I think a complete package is what would suit you best as you'll have everything to get you started and will save a few quid on buying things seperately.

If it were me I'd be going with menzerna polishes as I'm a recent convert to these from the Poorboys SSR range (which I still like and use in some cases).

So, I think either of these would the best buy for you:-

http://www.cleanyourcar.co.uk/polis...al-action-polisher-menzerna-kit/prod_522.html

(I'd add a nice finishing pad to that package ^^^ though like a Megs 'tan' or a Lake Country 'Black')

http://www.cleanyourcar.co.uk/polis...polisher-sonus-and-menzerna-kit/prod_525.html

You could, of course, get a cheaper 'non detailing specific' random orbit machine like the Clarke DA for example at just over £50 and have a lot of cash left over for pads and polishes. I have this machine, but as yet I've not done a full evaluation of it (it's still in the box actually ) so I can't really recommend it to anyone until I've really put it through it's paces, whereas the Kestrel is tried and tested now).


----------



## badly_dubbed (Dec 11, 2008)

+1 for those kits

menz is a great option for vag paint or well any paint for that matter lol


----------



## ahaydock (Jan 4, 2007)

My vote would be either a Megs G220 or Kestrel and go for a set of Megs Pads and Menzerna Polishes. After lots of experimetation I have settled on this as my fave combo :thumb:


----------



## Garfie (Nov 8, 2005)

Thanks for your replies folks.

So it sounds like a thumbs up for the Kestrel with Menzerna polishes.
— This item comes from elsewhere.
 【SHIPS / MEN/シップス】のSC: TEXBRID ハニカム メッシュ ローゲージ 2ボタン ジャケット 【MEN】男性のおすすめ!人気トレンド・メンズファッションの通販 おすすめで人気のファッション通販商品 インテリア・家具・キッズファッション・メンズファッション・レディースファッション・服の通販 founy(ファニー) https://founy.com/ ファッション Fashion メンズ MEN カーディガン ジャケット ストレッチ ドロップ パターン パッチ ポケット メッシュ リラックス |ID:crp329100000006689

I just gotta work out which package to go for now then and where the best deal is.

Pit Viper mentioned I would need a finishing pad and I have also seen other mentions of getting a smaller pad for tighter areas. I also believe I need some blue tape to mask of the trims etc.

Once I have a shopping list compiled I'll go ahead and order so if anyone fancies pointing me in the direction of any good deals on the kit, polishes, pads etc please do.
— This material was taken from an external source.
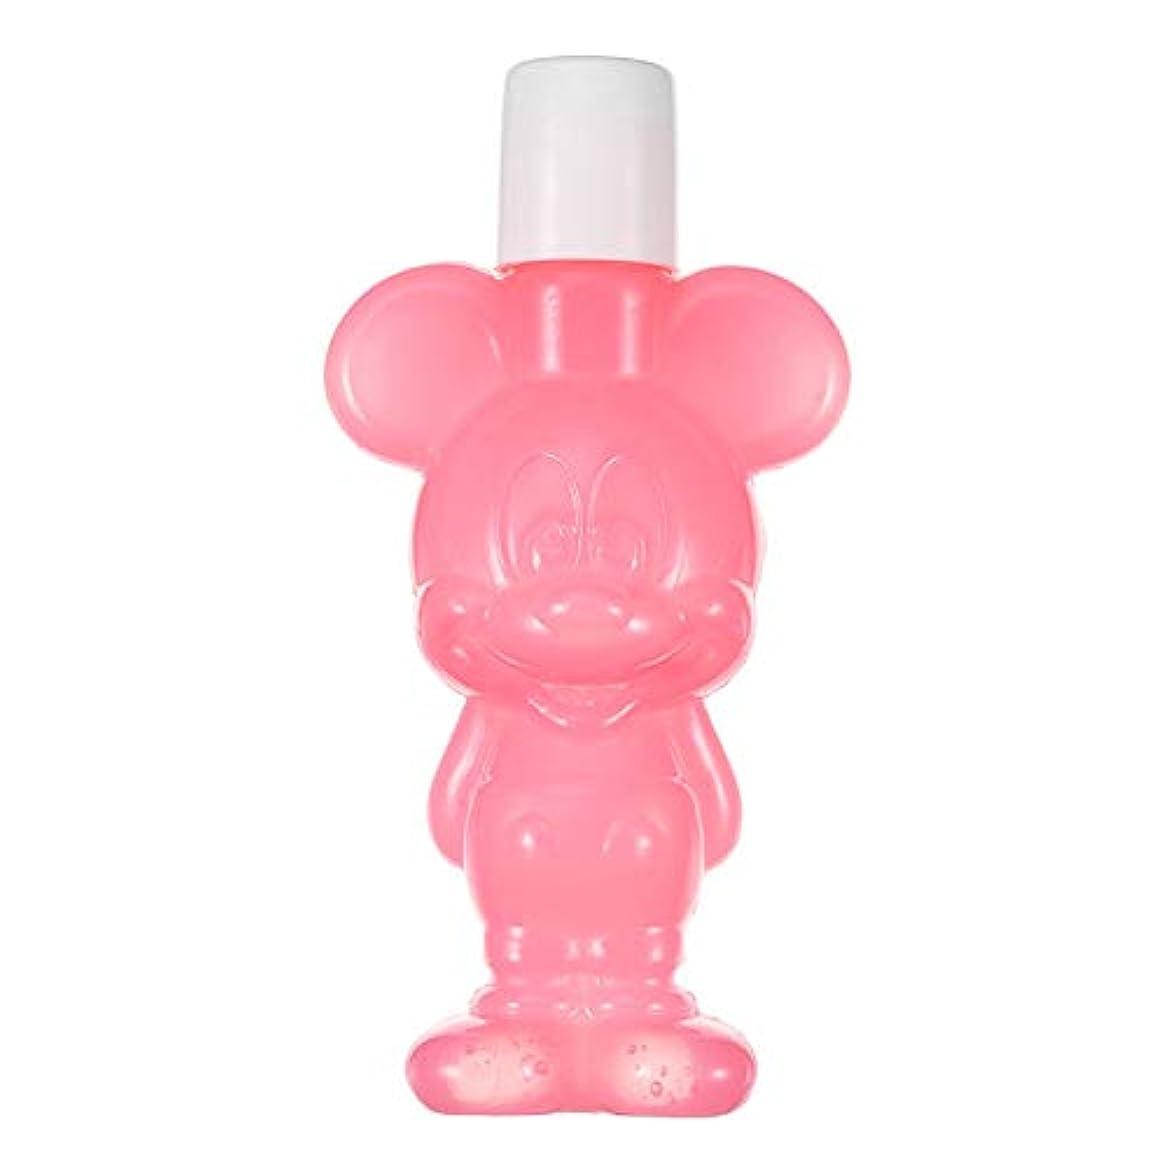 担保水分影響力のあるディズニーストア(公式)保湿ジェル ミッキー ピンク Gummy Candy Cosme

I also need to get my head round what all the different pads and polishes are for. I see Menzerna list loads of different polishes and the package deals about seem to vary on which polishes they come with.


----------



## badly_dubbed (Dec 11, 2008)

a little menzerna guide










from here:

http://www.detailingworld.co.uk/forum/showthread.php?t=63859


----------



## Garfie (Nov 8, 2005)

Thanks Badly Dubbed

Seems that the Kestrel with Menzerna is the way to go. Just need to know what to order now.


----------



## -Kev- (Oct 30, 2007)

Garfie said:


> Thanks Badly Dubbed
> 
> Seems that the Kestrel with Menzerna is the way to go. Just need to know what to order now.


this kit:

http://www.cleanyourcar.co.uk/polis...al-action-polisher-menzerna-kit/prod_522.html

and some 4" spot pads for the tighter areas:

http://www.cleanyourcar.co.uk/polishing/sonus-4-spot-pads/cat_19.html


----------



## ahaydock (Jan 4, 2007)

Garfie said:


> Seems that the Kestrel with Menzerna is the way to go. Just need to know what to order now.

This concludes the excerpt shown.